Una construcción realizada en concreto distribuye una serie de cajas dispuestas en dos principales orientaciones que a su vez organizan el terreno. El lenguaje modernista del conjunto es percibido como una obra rugosa al exterior, mientras que en el interior los espacios son tratados con superficies lisas y suaves.El esquema principal consigue que las recamaras se encentren separadas entre ellas para lograr privacidad y sombra, mientras que los espacios públicos constituyen zonas de esparcimiento y conectividad.

La recámara principal es un tubo estructural de concreto sostenido en dos puntos solo por el apoyo por dos grandes muros rectangulares que elevan el volumen a un tercer nivel, de esta forma, se crea una terraza intermedia en que sirve como área sombreada y de avistamiento. Esta pieza conforma los espacios de la habitación principal y sus servicios. Y es en sí misma un pabellón aislado compositivamente del resto de la construcción. Este Tubo-trabe estructural también funciona como un ducto de ventilación natural que crea corriente de aire por la habitación.

En este mismo nivel se encuentra otro volumen rectangular más alargado orientado en ángulo abierto para dotar a la sala comedor de una vista más franca hacia el mar. Es aquí donde se encuentra la sala, la cocina y una recámara más. También encontramos en este nivel el deck principal que se transforma en un muro/techo para crear sombra y refugio conectando la sala comedor con el pabellón de la recamara principal.

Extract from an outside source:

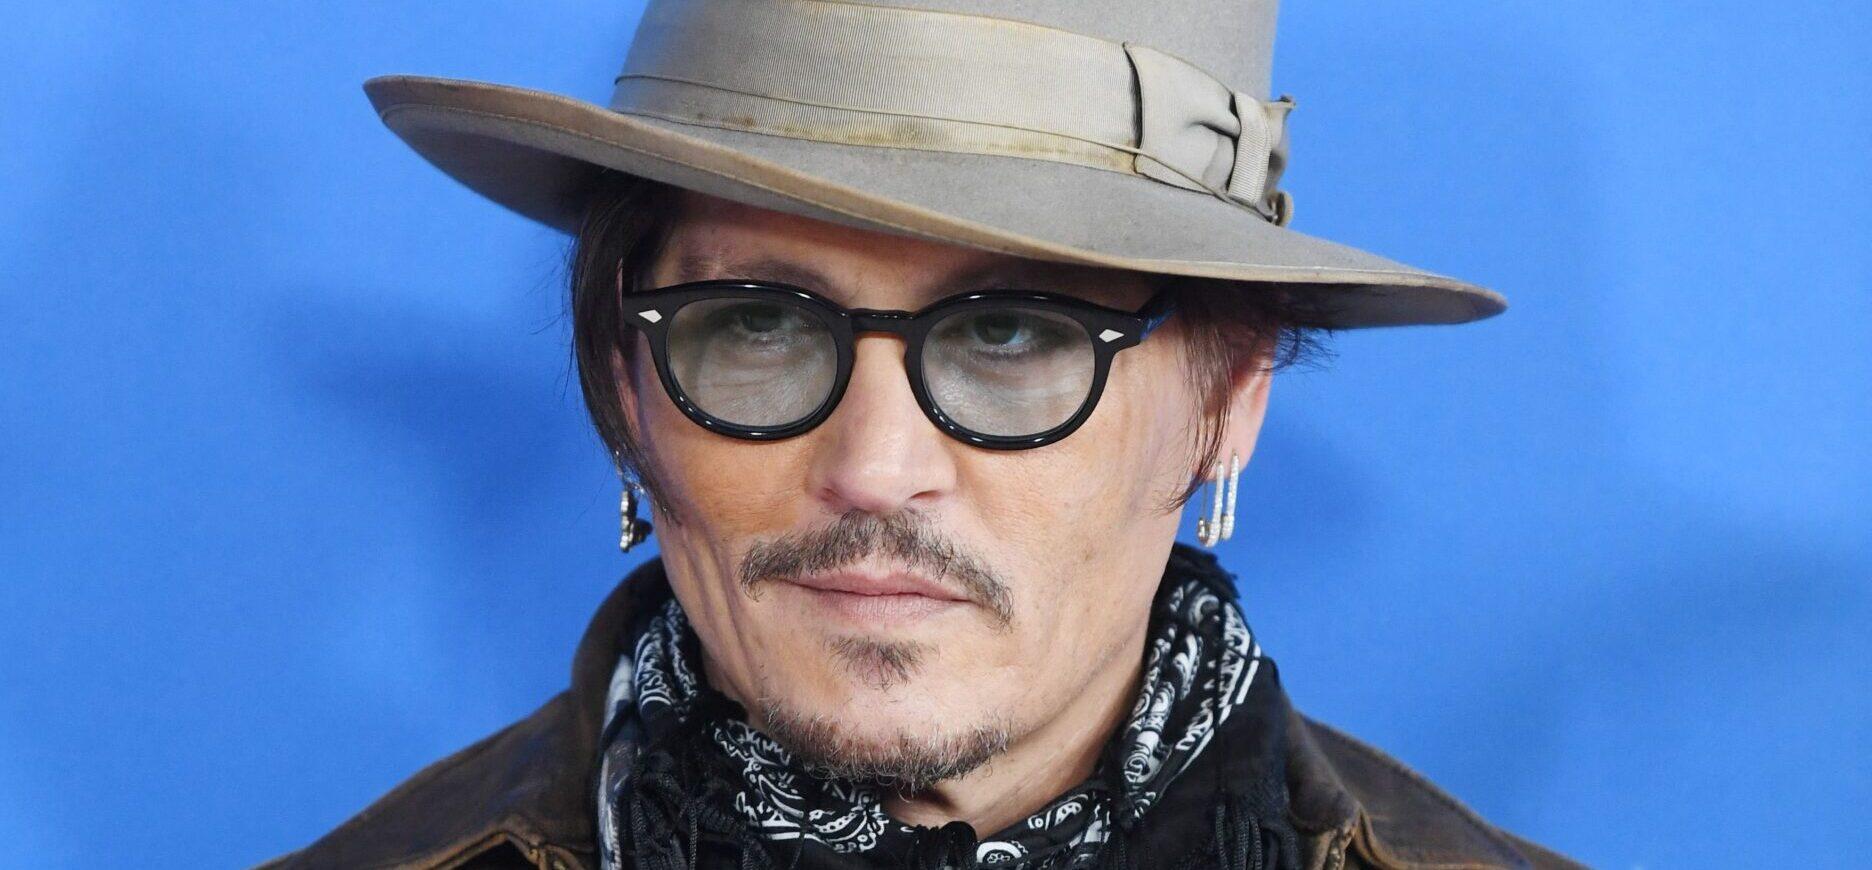 Johnny Depp May Return To Disney Following Amber Heard Drama
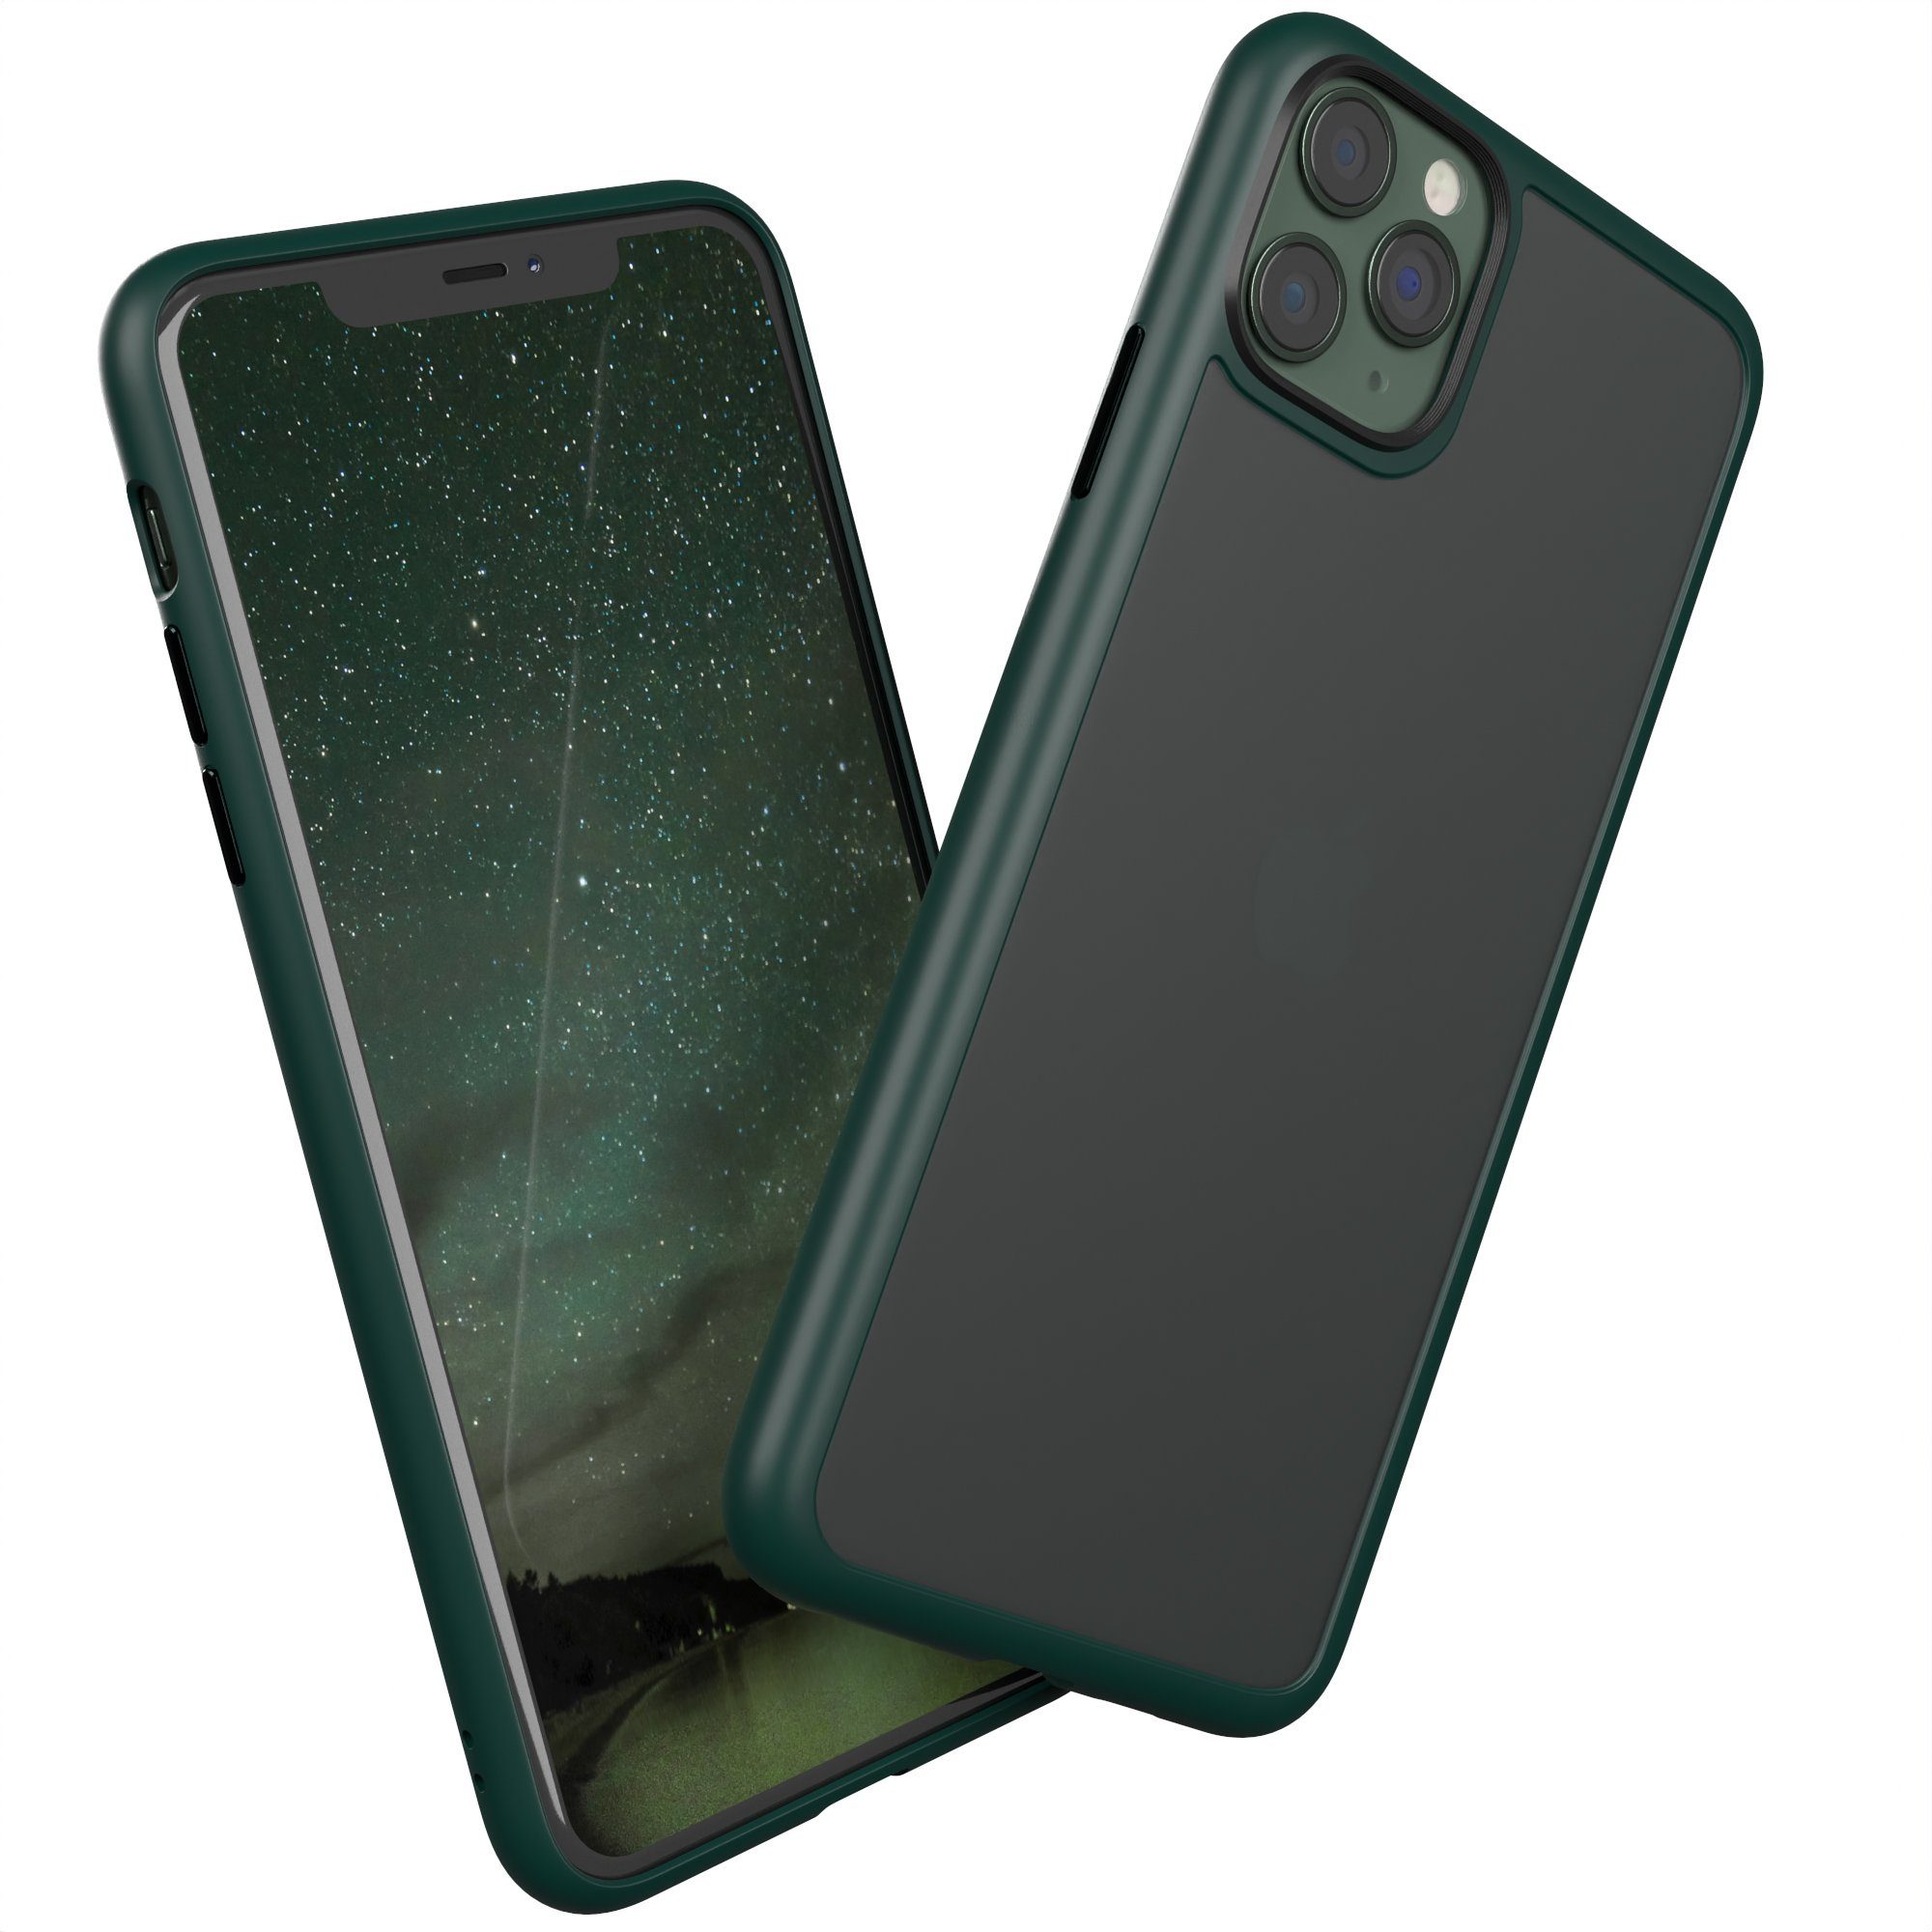 EAZY CASE Handyhülle Outdoor Case für Apple iPhone 11 Pro Max 6,5 Zoll, Slim Cover Durchsichtig Robust Back Cover stoßfest Grün / Nachtgrün

En la planta baja se encuentra la gran biblioteca y dos recamaras de invitados con sus respectivos servicios. La biblioteca se conecta por un puente hacia la zona exterior de sombra y avistamiento que se encuentra entre el volumen de la recamara principal y las recamaras de invitados en un segundo nivel. La idea es lograr un recorrido que va de un interior a un exterior sombreado. La alberca se distingue como un tapete de agua al ras del terreno, es también un espejo de agua y pareciera que se interna en el campo de Golf.

 

LA CARACOLA, Casa de playa en TRES VIDAS club de Golf.

PAUL CREMOUX studio

Arquitecto Diseñador:  Paul Cremoux

Gerente de proyecto: José Ignacio Echeverría

Diseño del patrón de la alberca: Greta Hauser

Diseño de mobiliario especial: Greta Hauser

M2: 536

Sup del terreno aprox:  2000m2

Lugar: Club de Golf Tres Vidas, Guerrero México.

Cocina: Piacere

Photos: PCW y Roberto Beltrán.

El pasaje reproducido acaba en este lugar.